C’est de ce constat qu’est né le projet d’entraide de deux médecins, Massimo Barbagallo et Roman Sager.
Monsieur Barbagallo, Monsieur Sager, quand vous êtes-vous dit pour la dernière fois: «C’est précisément pour cela que je suis devenu médecin»?
Massimo Barbagallo: Ce matin! Grâce à une anamnèse approfondie, à un examen clinique et à des examens complémentaires ciblés, nous avons enfin pu aider une patiente souffrant d’une longue maladie neurologique et soulager nettement ses symptômes. C’est exactement ce qui caractérise le métier de médecin.
Roman Sager: Pour être honnête, je ne me suis jamais posé la question ainsi. J’ai choisi la médecine parce que je voulais comprendre le fonctionnement du corps, l’origine des maladies et les moyens de les traiter ou de les prévenir. Être médecin est en quelque sorte le bonus qui découle de cet intérêt.
Quelle part de cet idéal persiste dans le travail quotidien – et combien de temps est en réalité consacré à l’administration?
Massimo Barbagallo: Certaines études montrent que, sur une journée de onze heures, les médecins assistants ne passent que deux à trois heures auprès des patients. Cela correspond à mon expérience. Ce déséquilibre nuit à la relation médecin-patient, alors que l’écoute et la présence sont essentielles.
Roman Sager: Exactement. C’est un paradoxe: nous devrions passer plus de temps avec nos patients, mais l’administration est devenue trop envahissante. Et pourtant, presque personne ne s’interroge sur la possibilité de simplifier la documentation.

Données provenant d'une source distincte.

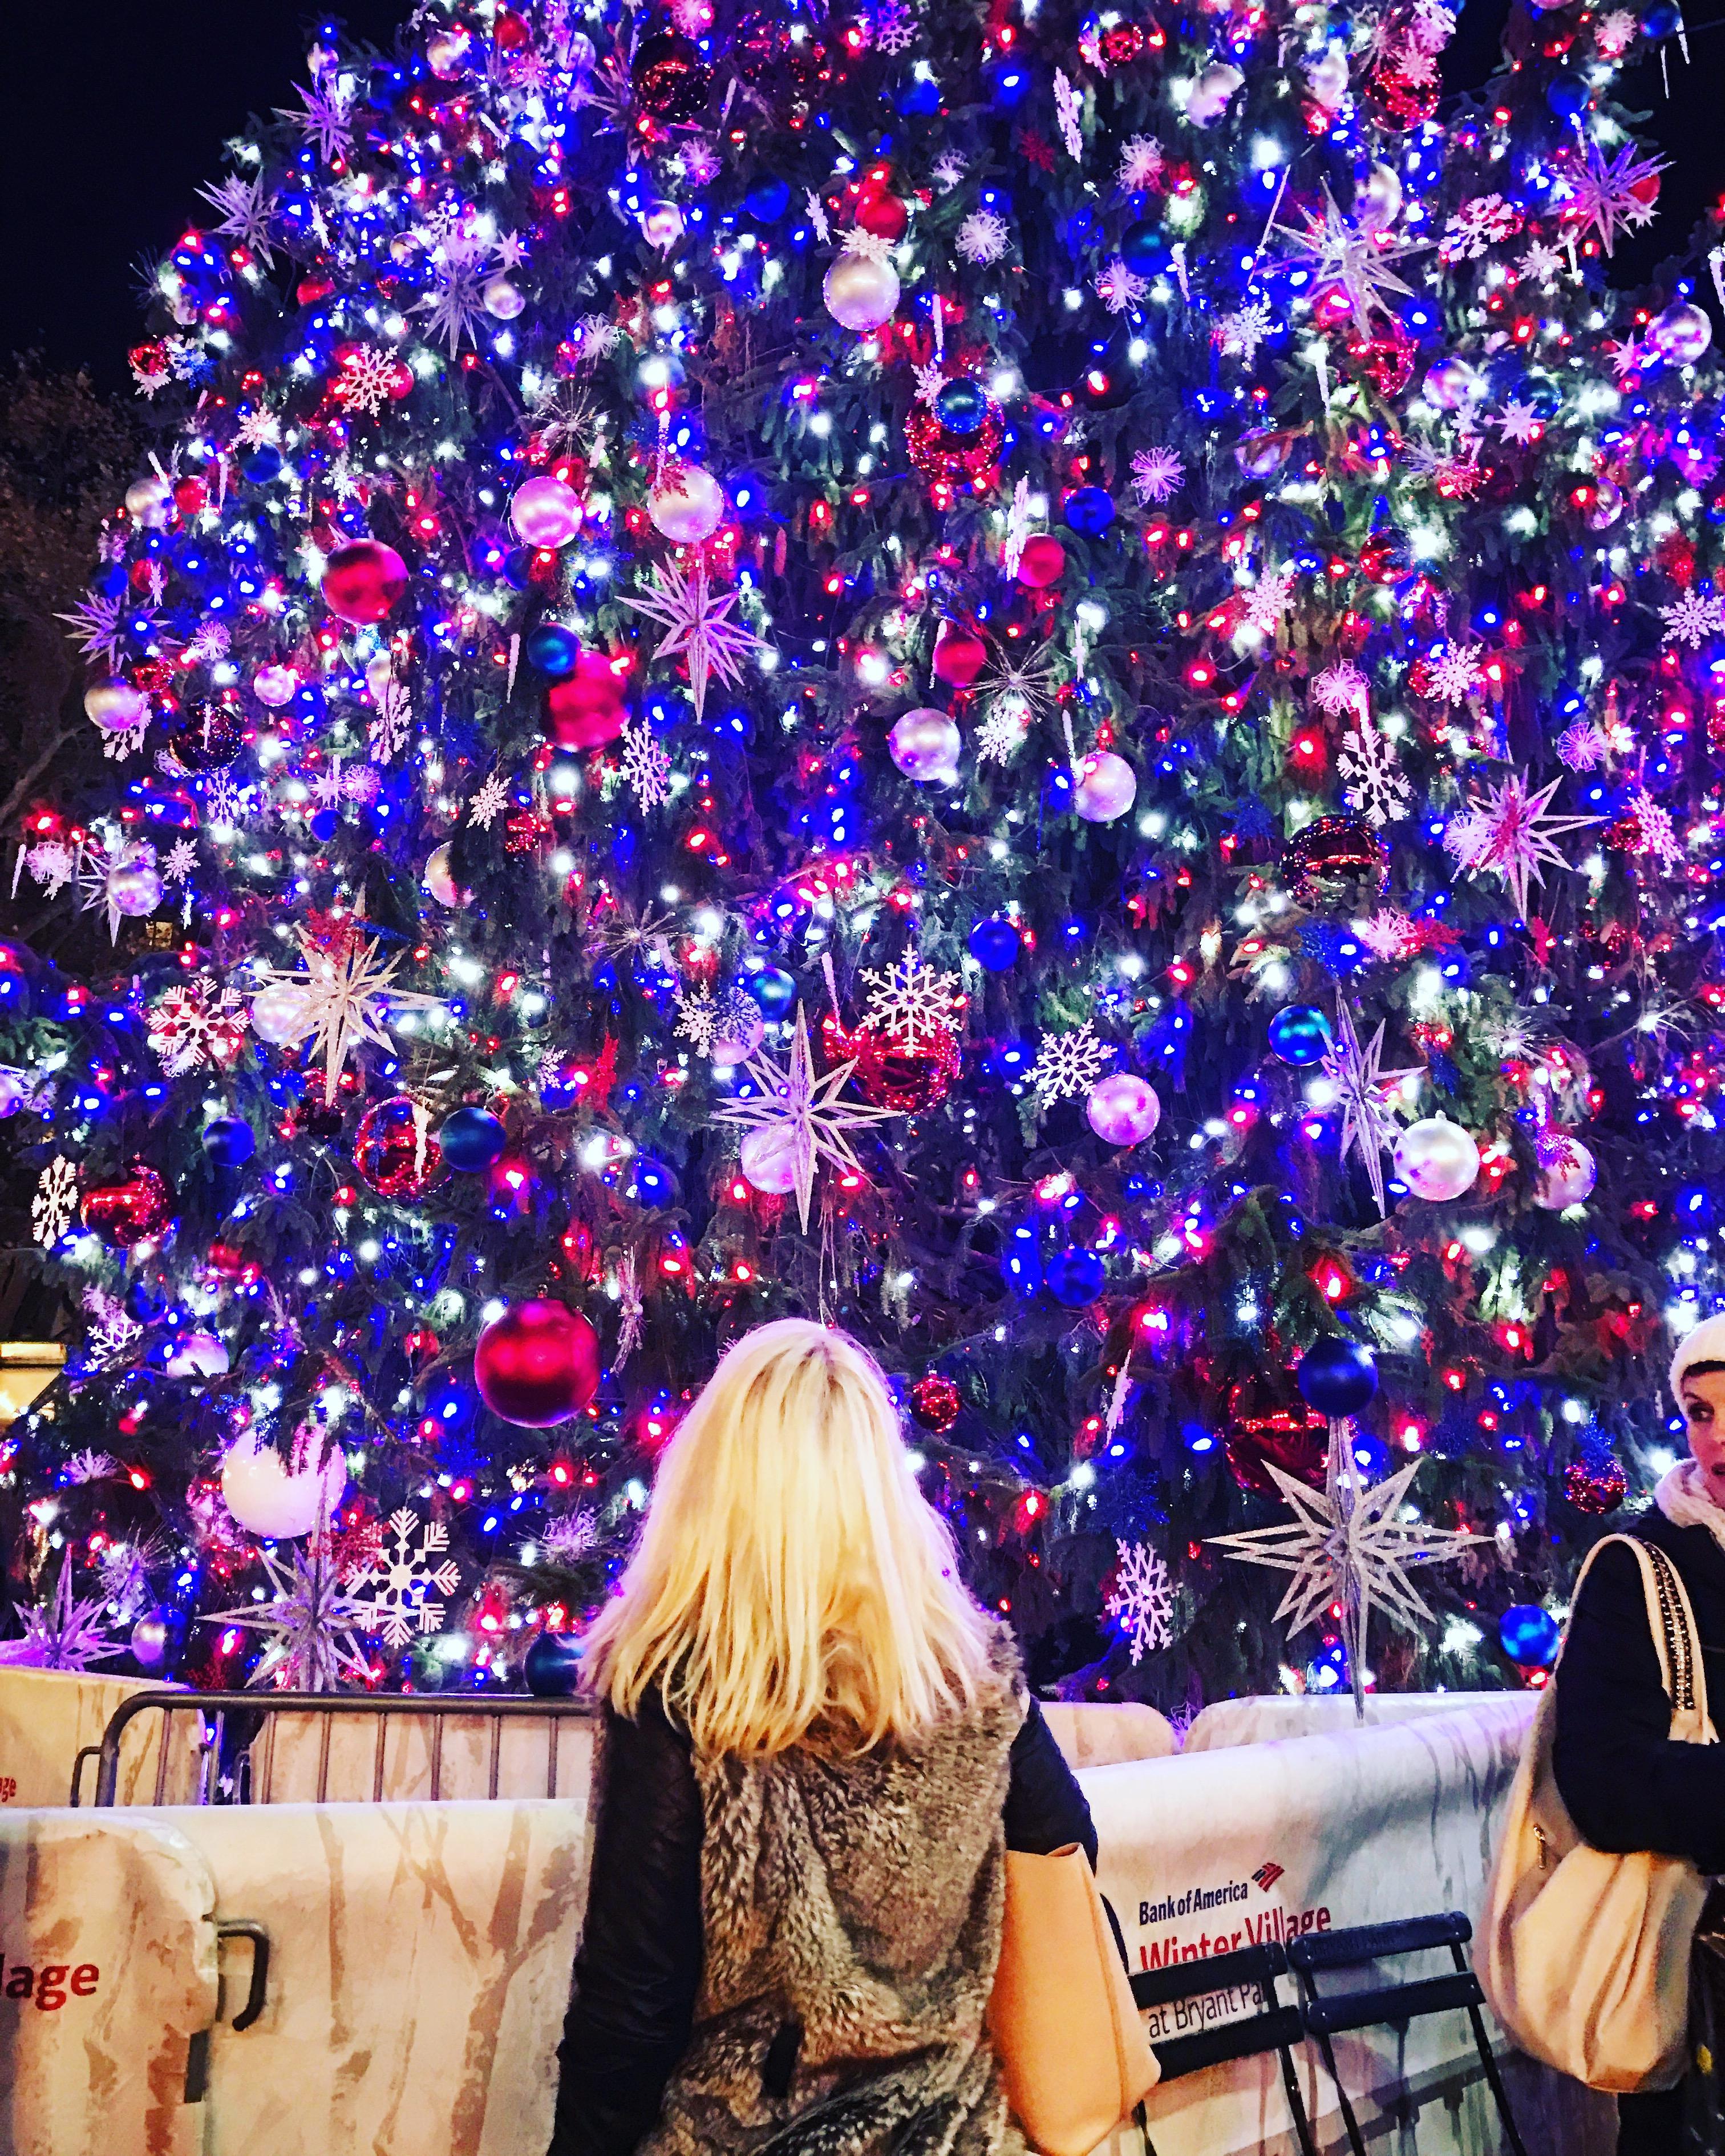 Winter at Bryant Park: The Tree Lighting

Massimo Barbagallo Spécialiste en médecine interne générale Actuellement en formation pour la spécialisation en neurologie, il s’engage également dans la recherche sur les AVC. En parallèle, il est actif comme DJ.
Roman Sager Médecin assistant En formation pour devenir spécialiste, passionné de tennis et intéressé par l’informatique et les technologies.

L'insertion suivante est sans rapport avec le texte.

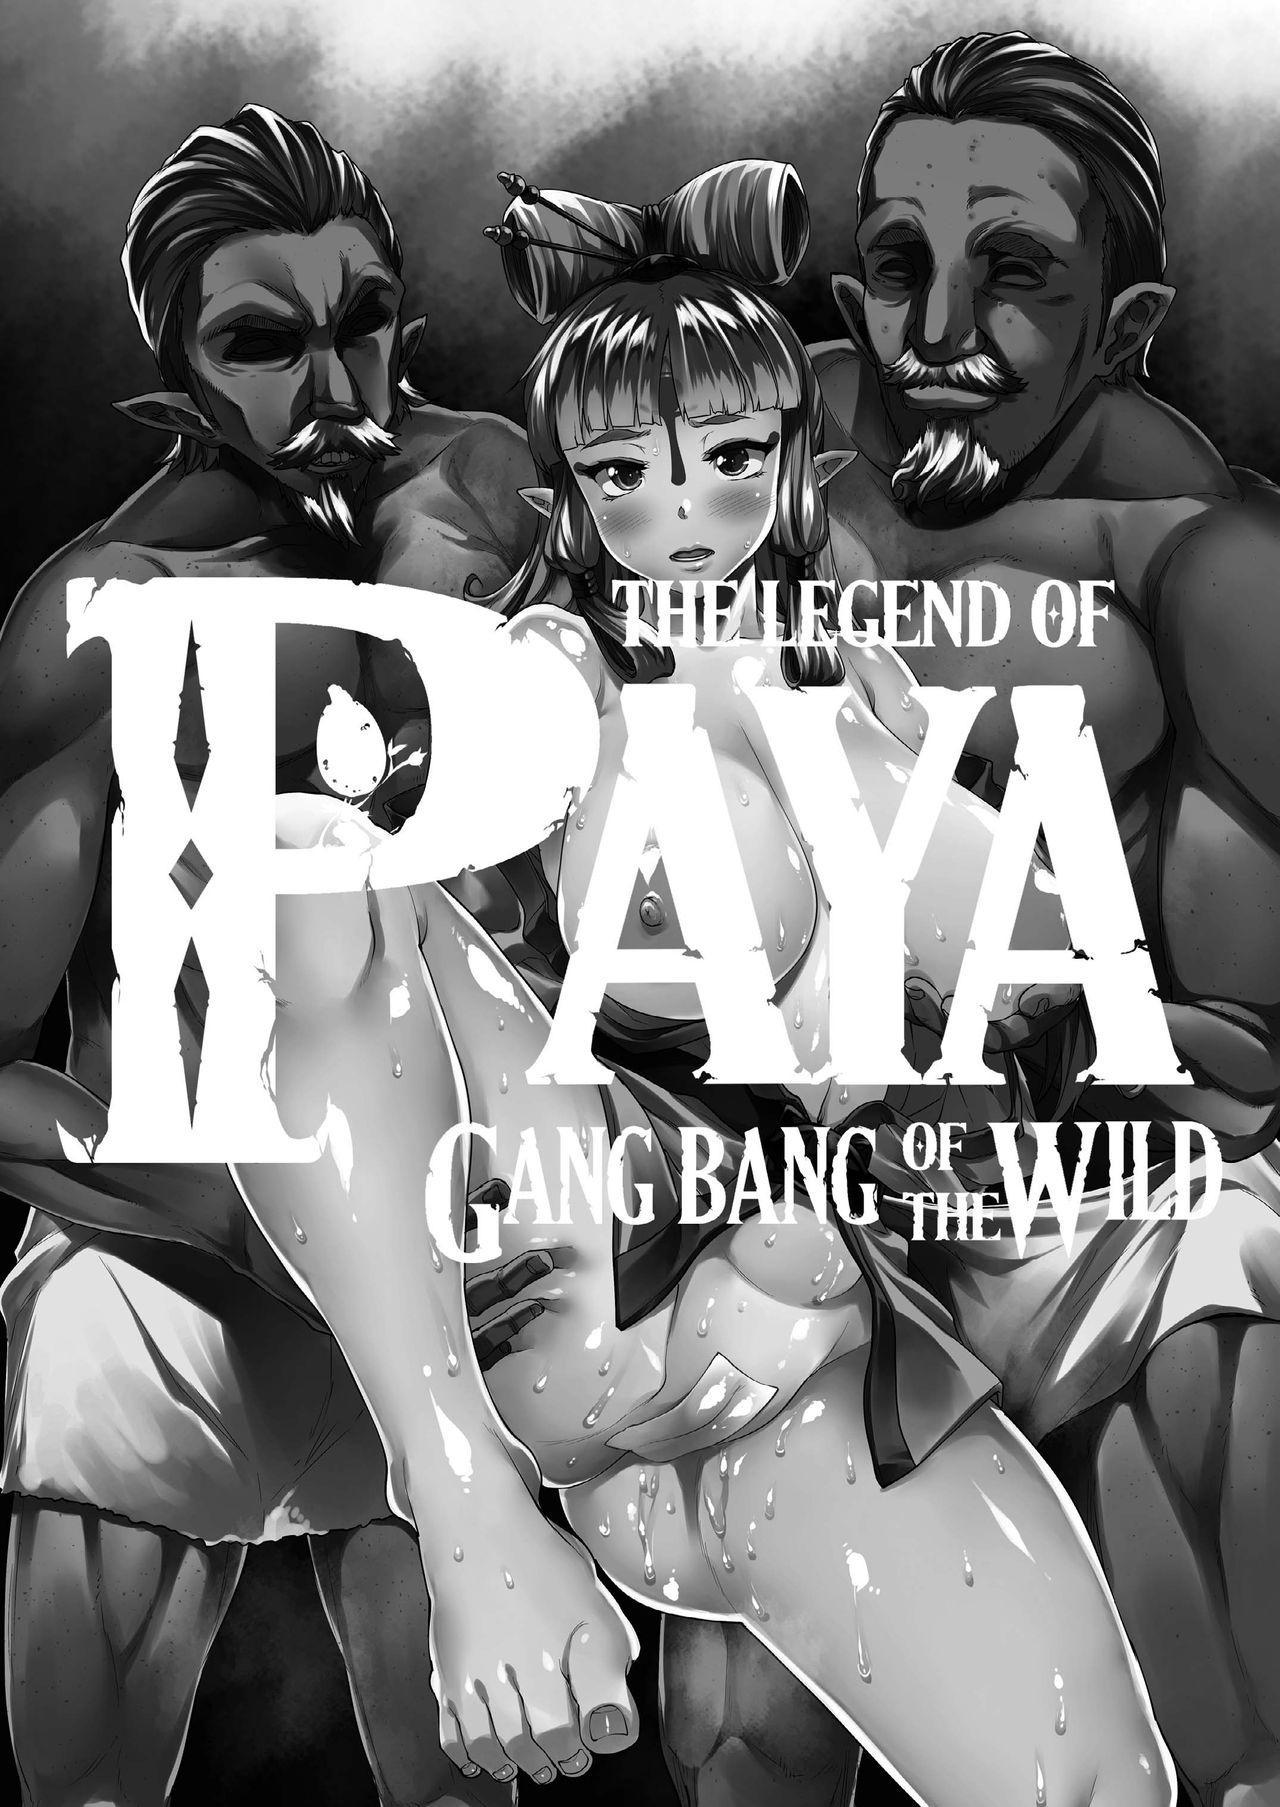 THE LEGEND OF PAYA GANG BANG OF THE WILD 2

Avez-vous l’impression que vos études vous ont préparés à cette réalité?
Roman Sager: Malheureusement, très peu. Pendant l’année de stage, j’ai découvert pour la première fois ce qu’était réellement le quotidien: beaucoup de temps devant l’ordinateur. La rédaction de rapports ou la communication avec les proches des patients ne font pratiquement pas partie du cursus.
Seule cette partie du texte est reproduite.